**Data section:**
================

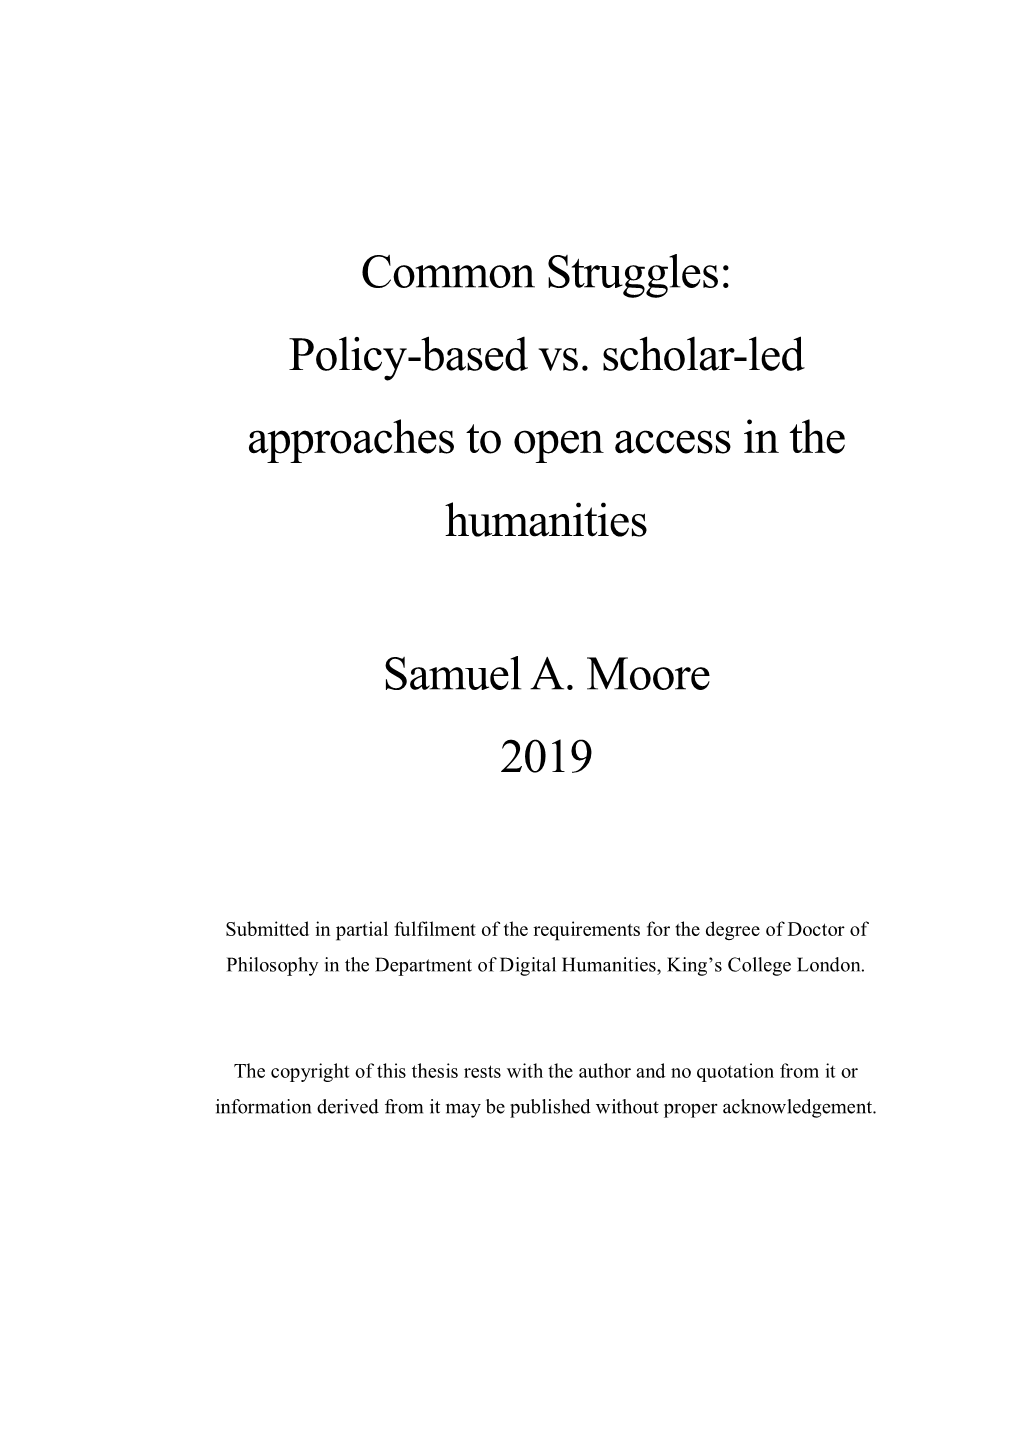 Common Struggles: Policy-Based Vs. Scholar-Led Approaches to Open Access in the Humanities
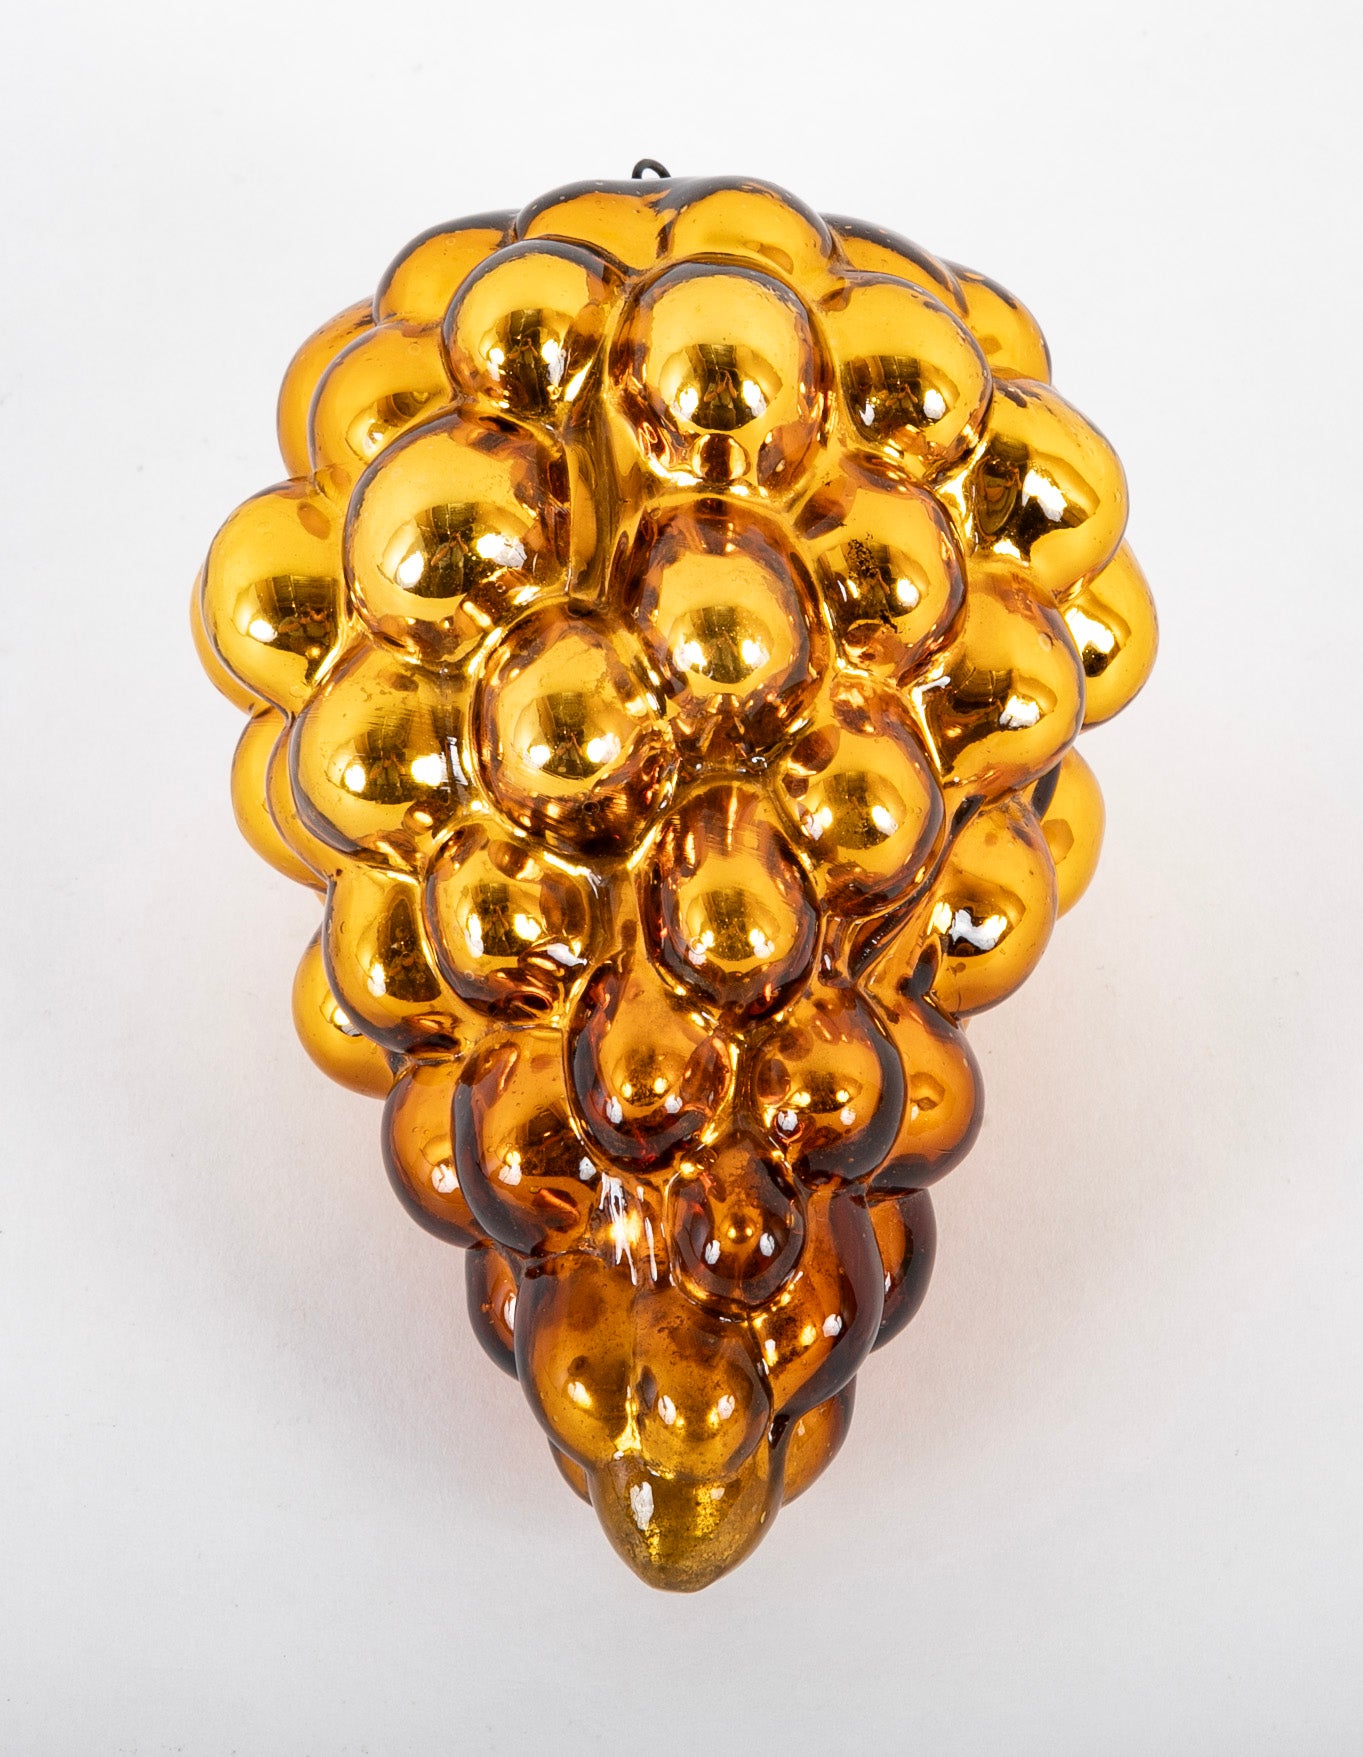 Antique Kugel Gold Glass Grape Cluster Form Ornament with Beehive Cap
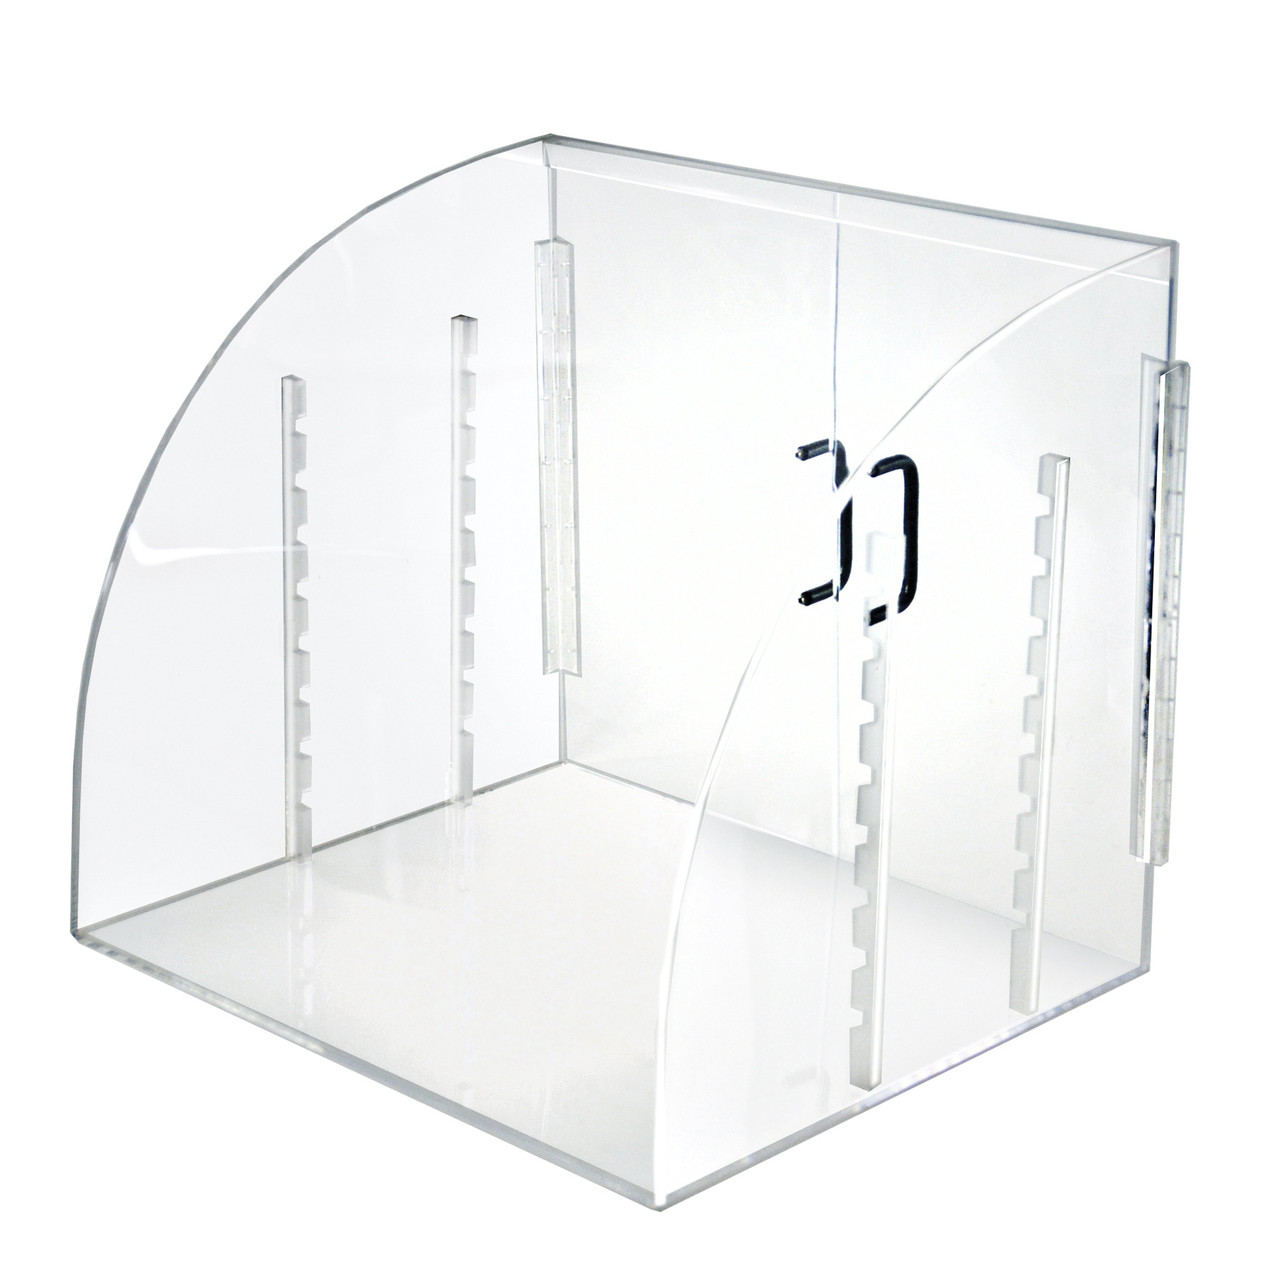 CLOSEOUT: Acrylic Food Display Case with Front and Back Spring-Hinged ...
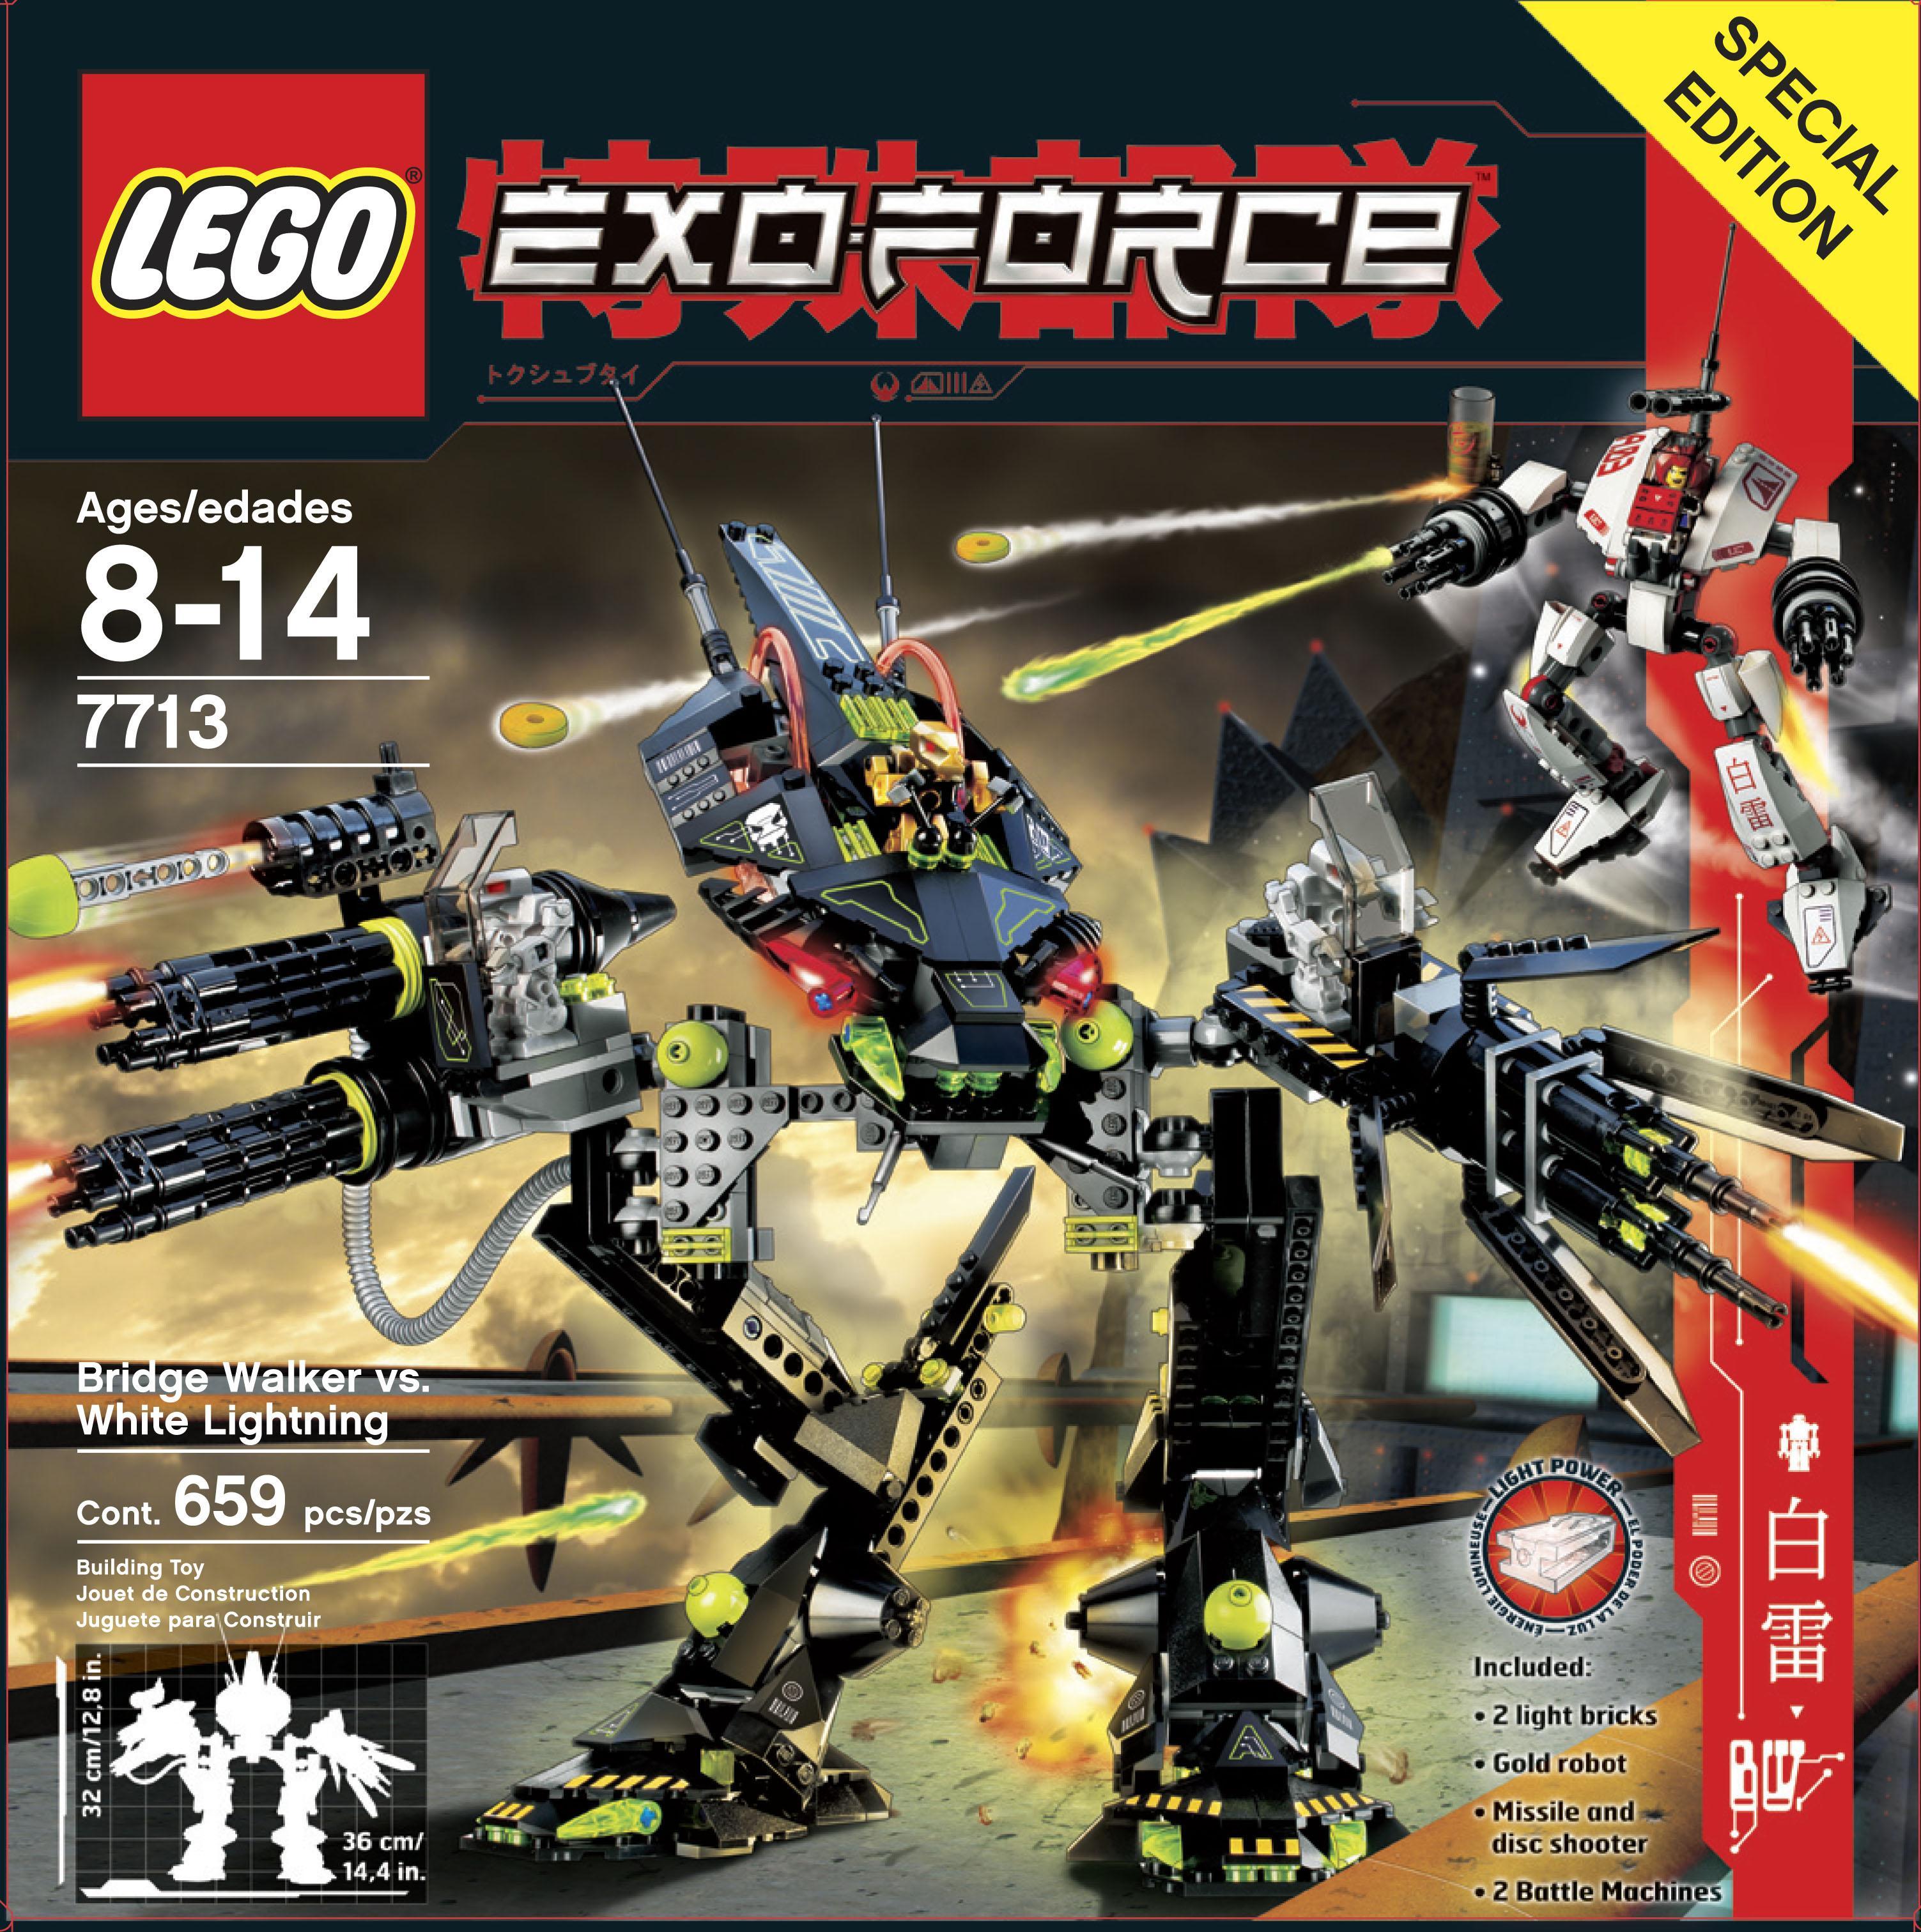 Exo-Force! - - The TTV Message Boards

================

**Work instructions:** The whole listing is to be retyped exactly, with its pictures removed.

**Exercise solution:**
 Common Struggles: Policy-Based Vs. Scholar-Led Approaches to Open Access in the Humanities
 Antique Kugel Gold Glass Grape Cluster Form Ornament with Beehive Cap
 CLOSEOUT: Acrylic Food Display Case with Front and Back Spring-Hinged ...
 Exo-Force! - - The TTV Message Boards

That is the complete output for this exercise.